On the other hand, defendants have demonstrated, prima facie, that Industrial Code (12 NYCRR) §§ 23-1.2 (b); 23-1.5 (a); 23-1.7 (a); 23-1.7 (b); 23-1.32; 23-3.1; 23-3.2; 23-3.3; 23-4.1; 23-4.2; 23-4.4, the Industrial Code sections identified by plaintiff in his bill of particulars, do not state specific standards or are inapplicable to the facts here. Since plaintiff has abandoned reliance on those sections by failing to address them in his motion and opposition papers, defendants are entitled to dismissal of the section 241 (6) cause of action to the extent that it is premised on those sections (see Debennedetto, 190 A.D.3d at 936; Pita v Roosevelt Union Free Sch. Dist., 156 A.D.3d 833, 835 [2d Dept 2017]).

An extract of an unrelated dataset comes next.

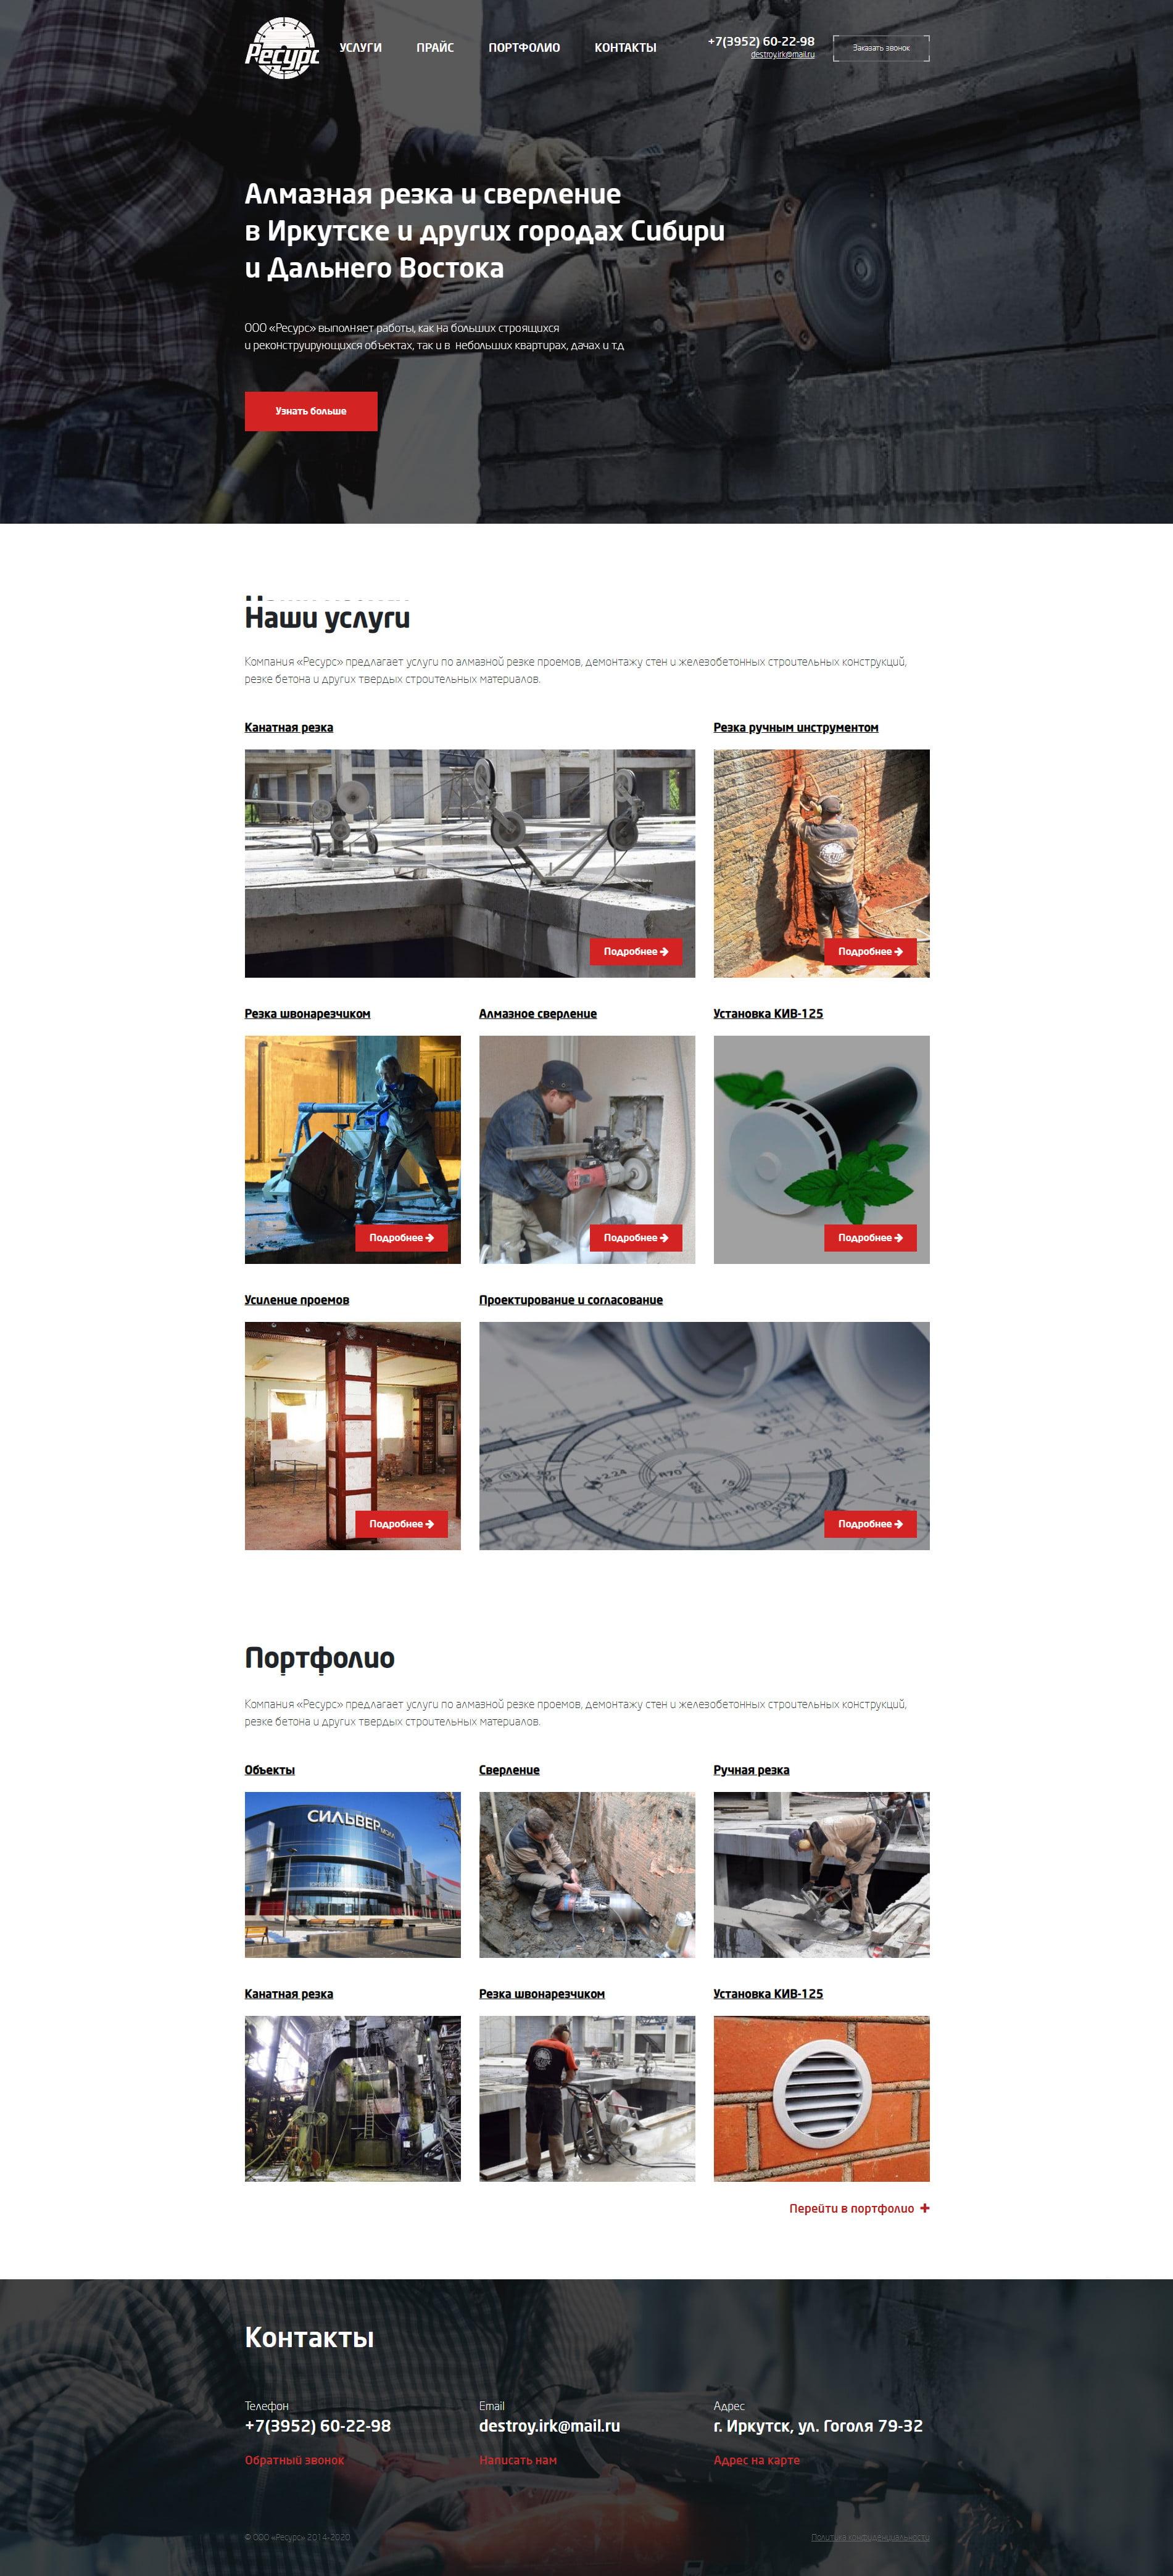 resurs-irk.ru

Finally, defendants, who have submitted evidence showing that the accident was not caused by a dangerous property condition (see Przyborowski v A&M Cook, LLC, 120 A.D.3d 651, 652-653 [2d Dept 2014]; Ortega v Puccia, 57 A.D.3d 54, 61-63 [2d Dept 2008]) and that they did not exercise more than general supervision and control over the injury producing work (see Wilson v Bergon Constr. Corp., 219 A.D.3d 1380, 1383 [2d Dept 2023]; Kefaloukis v Mayer, 197 A.D.3d 470, 471 [2d Dept 2021]; Lopez v Edge 11211, LLC, 150 A.D.3d 1214, 1215-1216 [2d Dept 2017]), have demonstrated their prima facie entitlement to summary judgment dismissing plaintiffs common-law negligence and Labor Law § 200 causes of action. Since counsel for plaintiff, in the affirmation in opposition to defendants' motion, concedes that the facts in this case do not support either a cognizable common-law negligence or section 200 claim, defendants are entitled to dismissal of those causes of action.
Accordingly, it is hereby
ORDERED, that Plaintiffs motion (motion sequence number 2) is granted with respect to his Labor Law § 240 (1) cause of action and with respect to his Labor Law § 241 (6) cause of action to the extent that it is premised on Industrial Code (12 NYCRR) § 23-5.1 (c) (1). Plaintiffs motion is otherwise denied; and it is further
ORDERED, that Defendants' motion (motion sequence number 3) is granted to the extent that plaintiffs common-law negligence and Labor Law § 200 causes of action are dismissed and to the extent that plaintiffs Labor Law § 241 (6) cause of action is dismissed with respect to Industrial Code (12 NYCRR) §§ 23-1.2 (b); 23-1.5 (a); 23-1.7 (a); 23-1.7 (b); 23-1.32; 23-3.1; 23-3.2; 23-3.3; 23-4.1; 23-4.2; 23-4.4. Defendants' motion is otherwise denied.
This constitutes the decision and order of the court.